The floor opening in the Outback is 2" to 3" deep (varies), so I guess we would still have SOME airflow, but not near as strong an airflow as we have with the original vent registers.

So, for those of you with "low profile" vents that have shallow depth/drop - where did you find them? Shopping online is difficult because they don't often give the depth measurement.

Thanks in advance,
Cindy


----------



## ED_RN (Jun 25, 2006)

Found mine at Lowes. Maybe they can special order them if they don't stock them.


----------



## Lmbevard (Mar 18, 2006)

Found some at Menards that had a sliding plastic grill plate instead of a louver. Put them in the Kitchen and Living area and left the regular one in the bedroom so that I can force more hot air up there. Nice thing is that the new ones are heavy enough that they stay in placed with out having to screw them down so that when things get dropped down there we can get it easily.


----------



## FLYakman (Jan 26, 2006)

What year is your 25rss? I replaced the floor vents on my '06 23rs and on the 2010 26FL and did not have a problem as you describe. I will say that the depth on the 26FL is fairly deep. Replaced mine with 3 brushed nickel from Lowe's.


----------



## The Stephensons (Jul 10, 2007)

Rayman said:


> What year is your 25rss? I replaced the floor vents on my '06 23rs and on the 2010 26FL and did not have a problem as you describe. I will say that the depth on the 26FL is fairly deep. Replaced mine with 3 brushed nickel from Lowe's.


We have a 2005 25rss. Our floor vents must be a bit more shallow than other models. We found a site online that sells "low drop" vent registers (USAhardware.com) but their website doesn't indicate if they are metal or plastic - will give them a call. I heard some folks had problems with the plastic ones "melting".

Thanks for all the info.


----------



## GlenninTexas (Aug 11, 2004)

If all you want to do is cover the vents when not in use, you might consider the magnetic vent covers and just leave the existing vents in place. You can buy them at WalMart for a buck apiece.

Regards, Glenn


----------



## Scoutr2 (Aug 21, 2006)

Lmbevard said:


> Found some at Menards that had a sliding plastic grill plate instead of a louver. Put them in the Kitchen and Living area and left the regular one in the bedroom so that I can force more hot air up there.
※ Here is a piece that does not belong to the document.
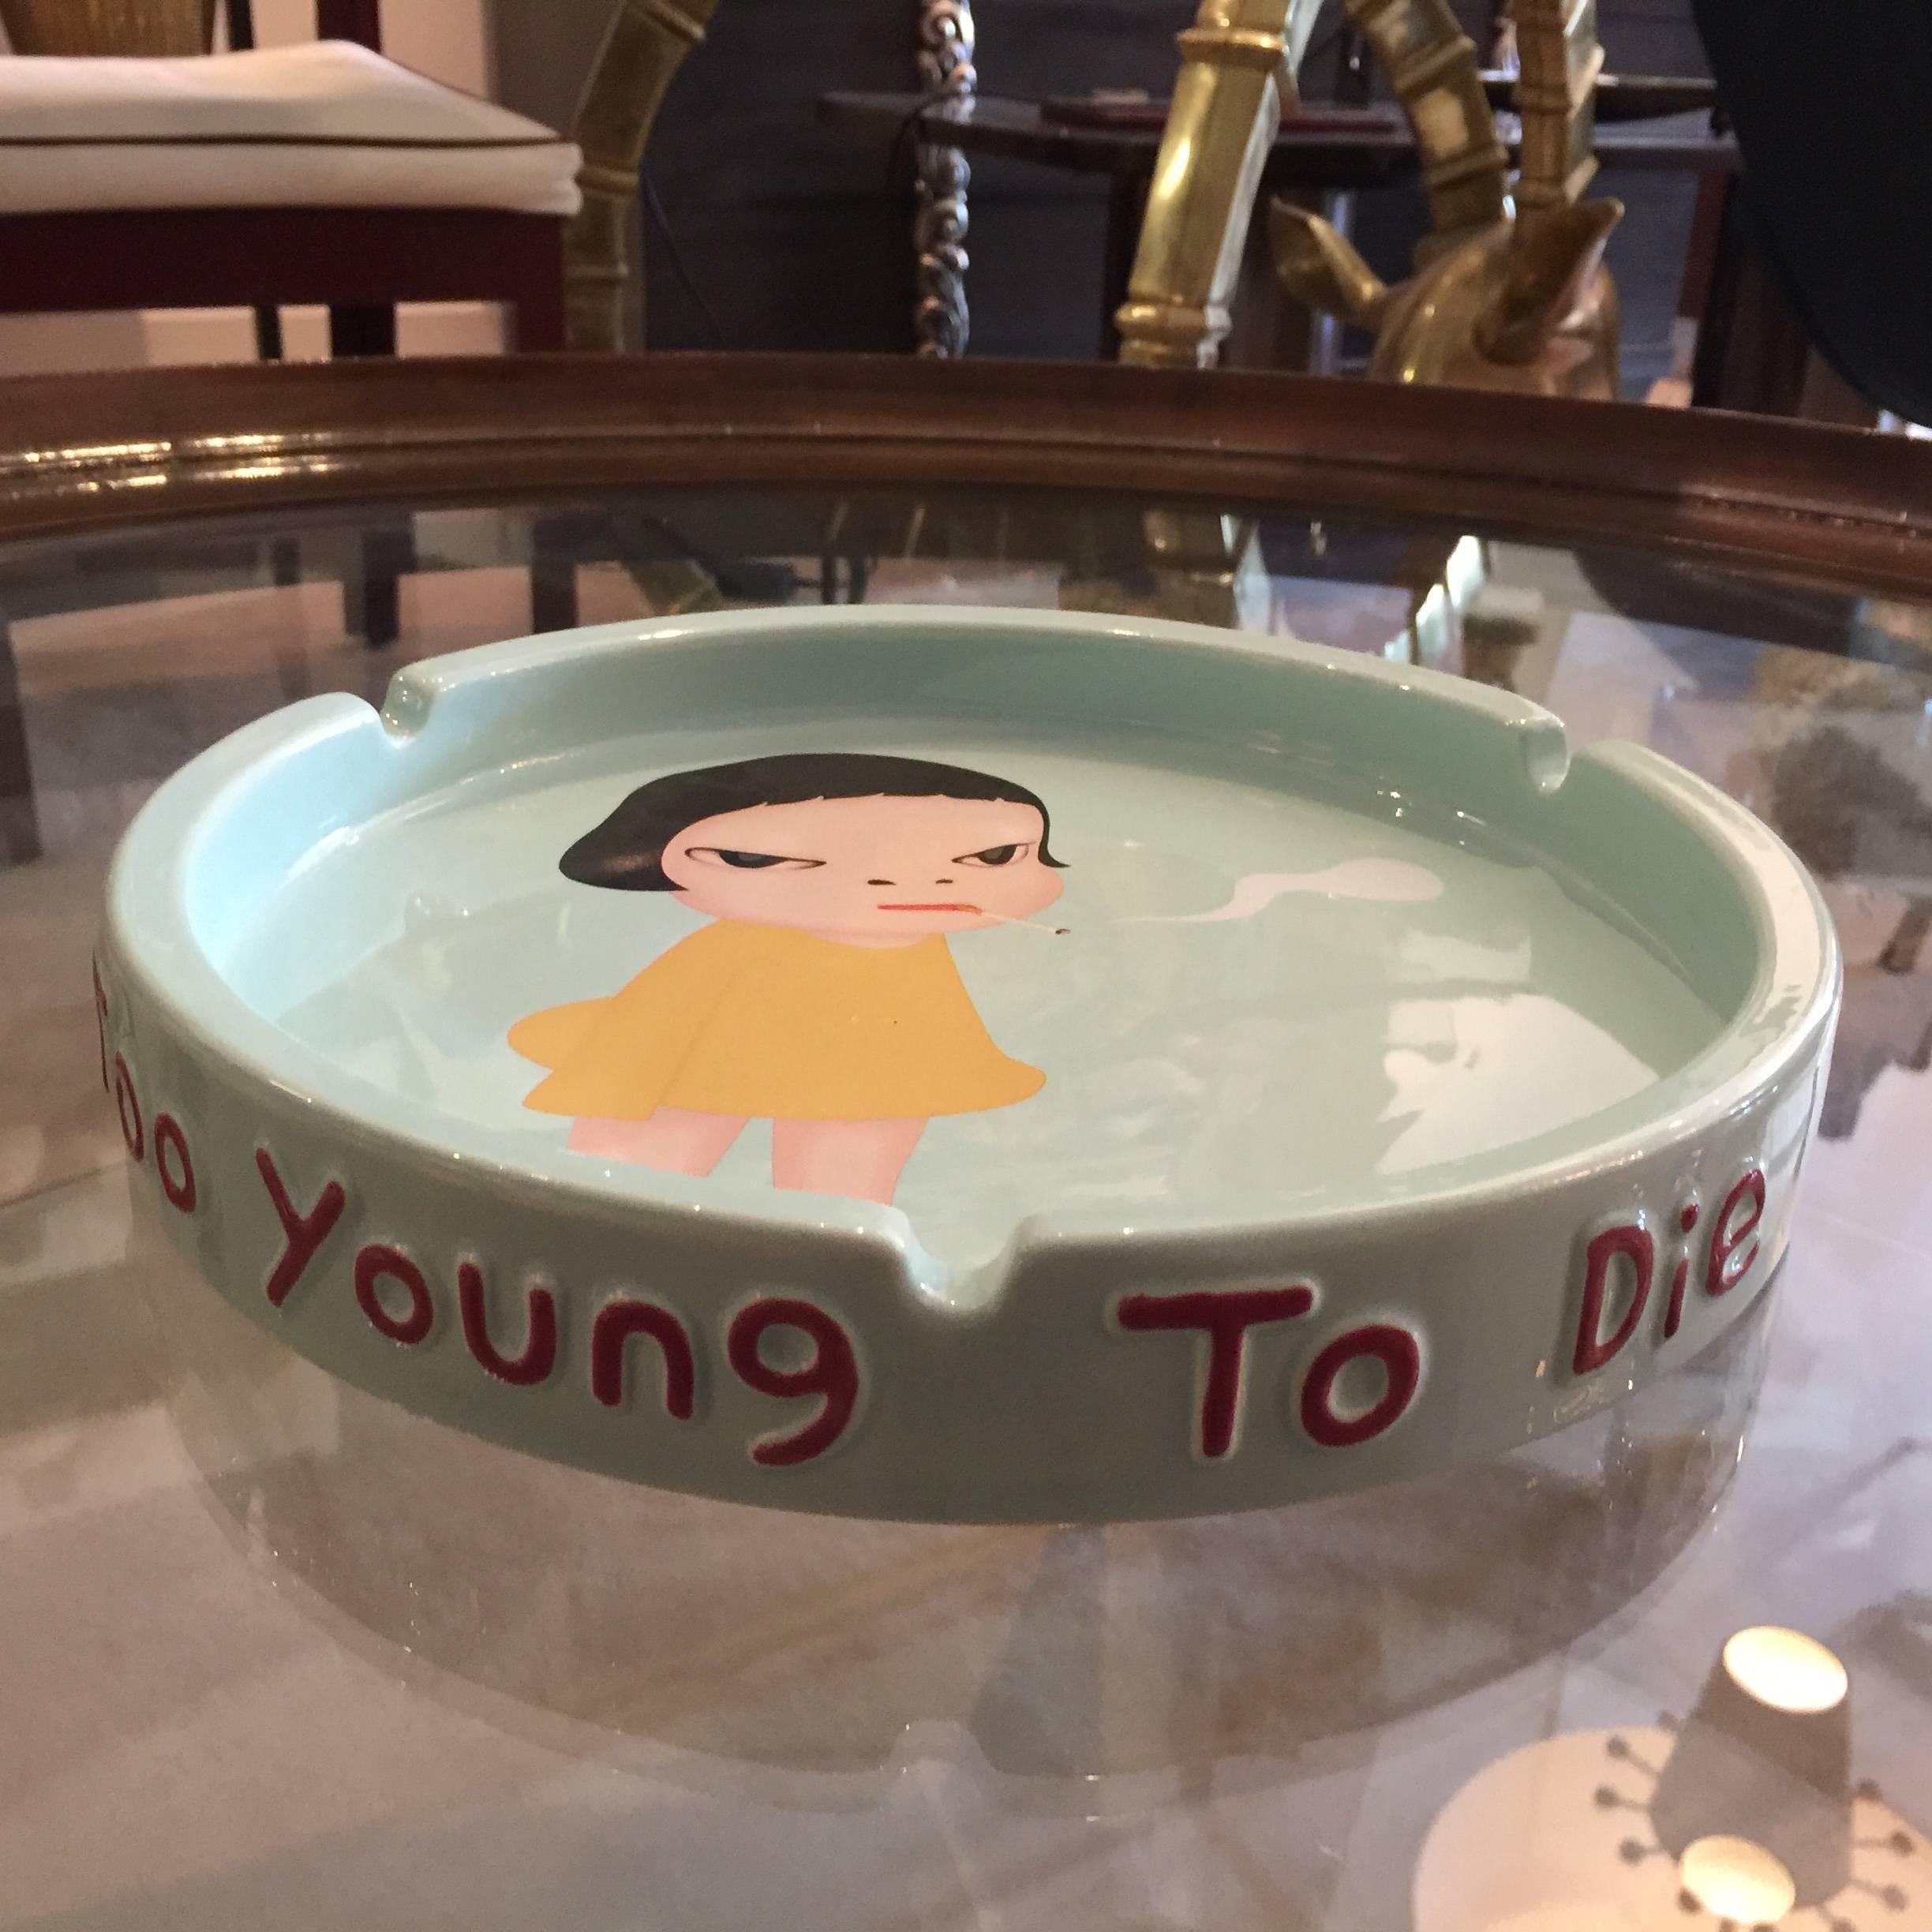 The image is from a painting entitled 'Too Young To Die' which was included in an exhibition called 'I Don't Mind, If You Forget Me' at the Yokohama Museum of Art in September 2001. At 10 inches in diameter, this ashtray can double as a dish! The

Nice thing is that the new ones are heavy enough that they stay in placed with out having to screw them down so that when things get dropped down there we can get it easily.


X2. I bought some nice brushed metal one's at Lowe's, and they, too, had plastic louvres. Notice I said, "Had."

The the first vent upstream from the furnace melted. Not 'liquidy' melted, but I smelled it and the plastic was all mis-shapen. They wouldn't move and everything came apart when I forced them.

The next one upstream from that also eventually warped, but not as bad.

If you can find some that are all metal, then go for it. Or wait and see if you have any problems with the plastic/metal ones. The worst that can happen is like mine. Nice looking, but not able to open and close them.

Mike


----------